Timeline & Next Steps
The project is currently working toward a March deadline to complete the pilot phases. While the AI and grassroots pilots are on track for significant progress. Findings will be shared in future working group meetings to determine the project’s long-term trajectory.
Data Model Update
This phase of the volunteering data standards project focuses on refining the core data model and expanding its functionality.
Matthieu presented an overview of the Volunteering Standards website https://standard.volunteeringdata.io/ontology/
The refactored data model includes core elements such as an activity with a title, description, organisation link, and session details. Explaining that the significant new elements are the introduction of a Role concept, which accommodates different requirements linked to the existing requirement taxonomy, and the addition of Skills, which uses a taxonomy iterated during a December hackathon.
Discussion and questions
Q: Are we covering the Volunteer Application as well in the Data Model? A: A discussion confirmed that the current data model represents volunteer applications through an apply link property available for each Role. The model focuses primarily on opportunities data, and while it supports both internal and external application mechanisms, it has not defined the specific data that must be contained within an application.
Q: What user research will be done for the data values? Organisations have been mentioned, have volunteers been considered? A: Andrew explained that the working group of experts had been used for initial rapid development, including a workshop on accessibility, but acknowledged that they have not yet tested the model’s descriptive values with actual end-users for interpretation.

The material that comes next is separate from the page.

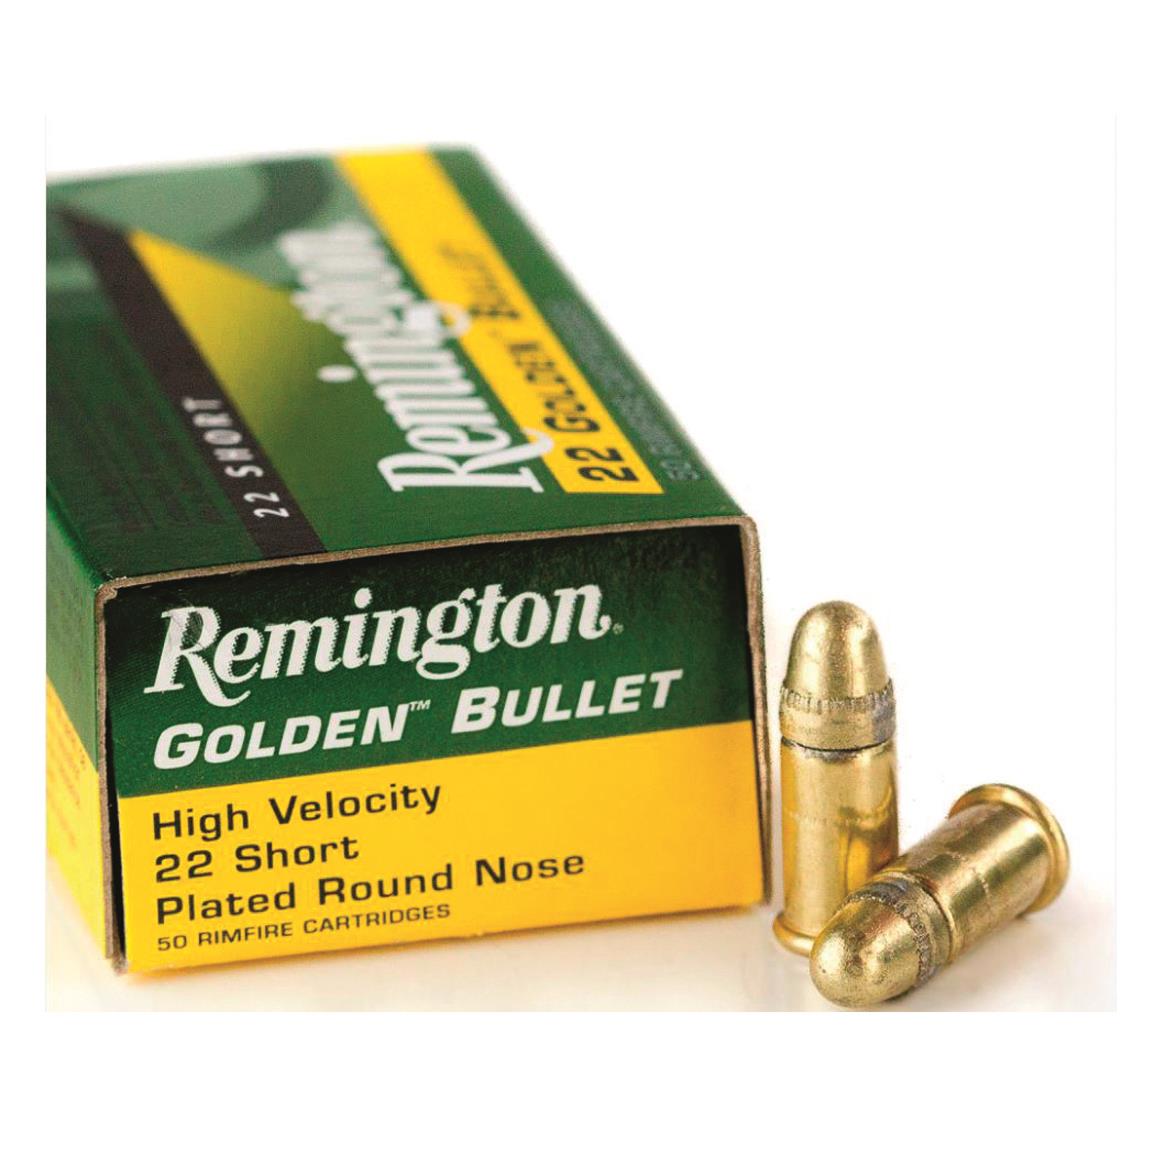 remington-golden-bullet-22-short-high-velocity-plated-round-nose-free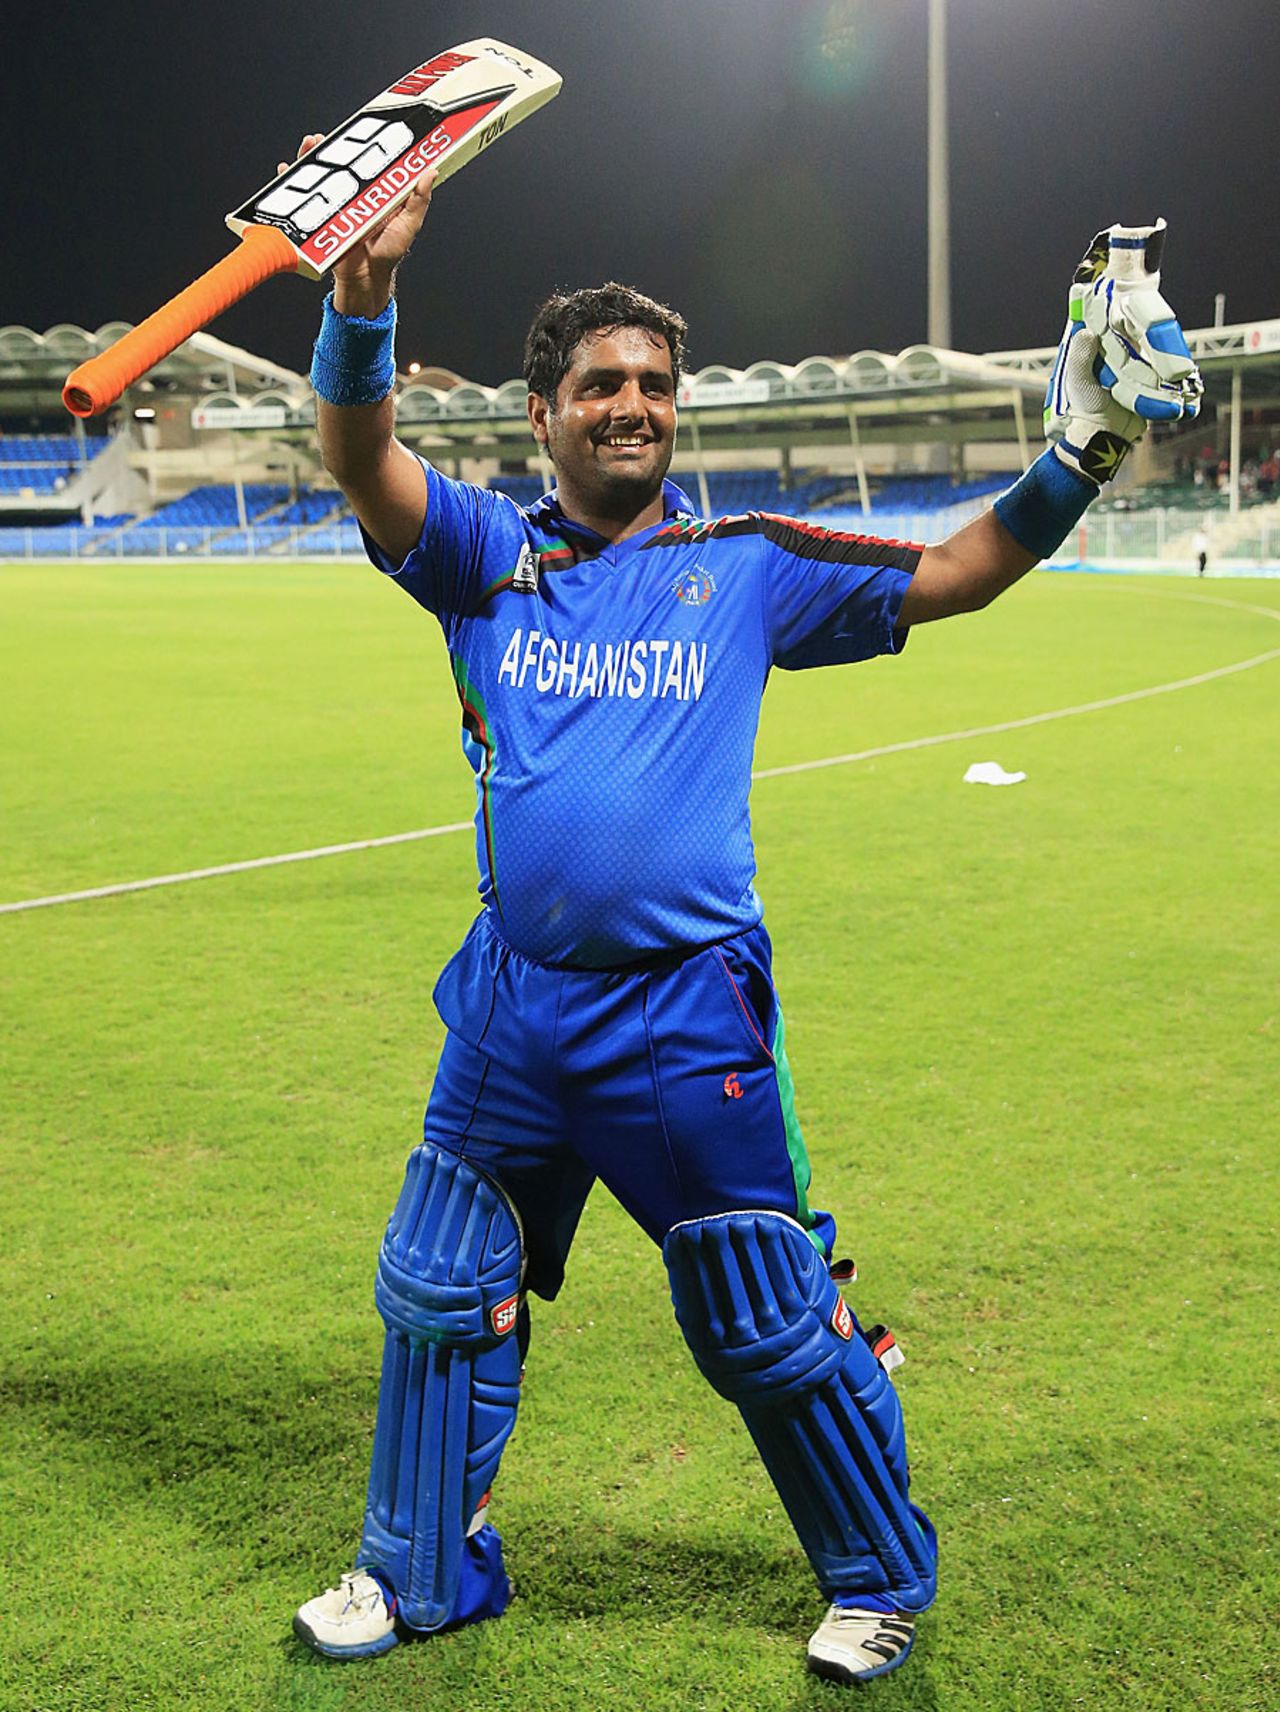 Mohammad Shahzad smashed an unbeaten 43 to guide Afghanistan to victory, Afghanistan v Nepal, ICC World Twenty20 Qualifiers, Group B, Sharjah, November 22, 2013

The group agreed that taking the data model back to end-users would be valuable for future development. Standards are viewed as a continuously evolving process rather than a final product, and further user testing would benefit the development of taxonomies that define the language of volunteering.
Describing the value of volunteering
The conversation shifted to the enduring question of how to help organisations understand and demonstrate the value of volunteering. Initial discovery research identified eight use cases for data in the voluntary sector, including a category focused on evidencing impact, which requires standardised approaches for management decisions and reporting to donors.
The chair introduced a typology for value in the not-for-profit sector developed by Dr Amy Bernett from Middlesex University (a Steering Group Member). The typology aims to provide a basis for standardised reporting on the value of community services and volunteering. The typology includes nine broad categories of value, such as monetary value, recognition, appreciative value, impact on various capitals (social, human, infrastructure, environmental), and personal value.
The next activity was a “Miro” Exercise to explore value, organised around four core questions: challenges in proving value, questions organisations aim to answer about value, necessary data points, and prioritisation of data collection. Participants were divided into three breakout rooms, with an ODI representative in each, to discuss and interact with the Miro board on the topics for 20 minutes, spending five minutes on each of the four areas.
Next Steps
Meeting 6 (18/03/26)
- This will be a retrospective. We will present the work of the working group and our achievements, and seek your views on what went well, what didn't go well, and your ideas for the future.